Pagan Reed Warbler
- Conservation status: Extinct (IUCN 3.1)

Scientific classification
- Kingdom: Animalia
- Phylum: Chordata
- Class: Aves
- Order: Passeriformes
- Family: Acrocephalidae
- Genus: Acrocephalus
- Species: †A. yamashinae
- Binomial name: †Acrocephalus yamashinae (Taka-Tsukasa, 1931)

= Pagan reed warbler =

- Genus: Acrocephalus (bird)
- Species: yamashinae
- Authority: (Taka-Tsukasa, 1931)
- Conservation status: EX

Extinct species of bird

The Pagan reed warbler (Acrocephalus yamashinae) is an extinct species of passerine bird in the family Acrocephalidae, sometimes considered a subspecies of the nightingale reed warbler. It originally occurred on Pagan Island and "was extinct by the late 1970s". More precisely, in the 1970s, the 1980s, in 2000 and in 2010, the bird could not be found and is therefore presumed to be extinct.

==Taxonomy==
The genus Acrocephalus was introduced in 1811 by the German naturalist Johann Andreas Naumann and his son Johann Friedrich Naumann.

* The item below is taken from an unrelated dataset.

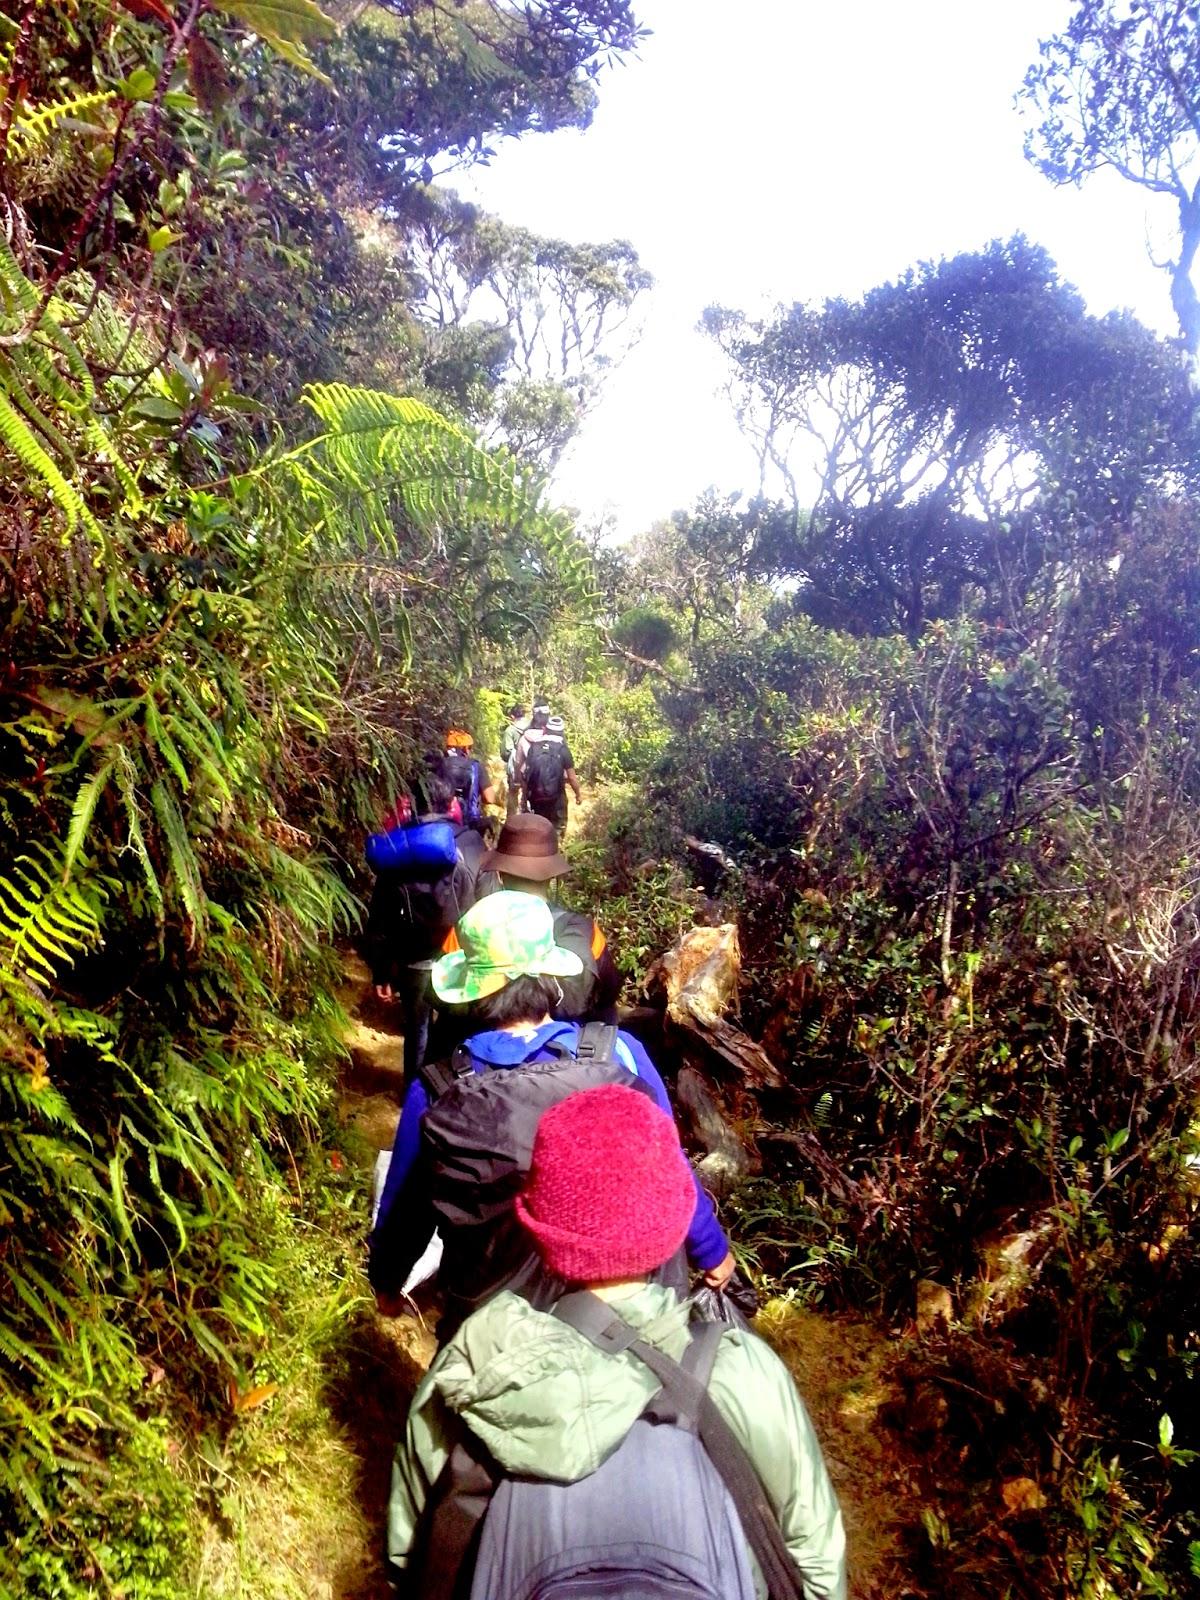 Trekking Ambaneg Trail

Many species have a flat head profile, which gives rise to the genus name, Acrocephalus from Ancient Greek akros, "highest", and kephale, "head". It is possible that the Naumanns thought akros meant "sharp-pointed". The specific epithet yamashinae commemorates the Japanese ornithologist Yoshimaro Yamashina, who founded the Yamashina Institute for Ornithology.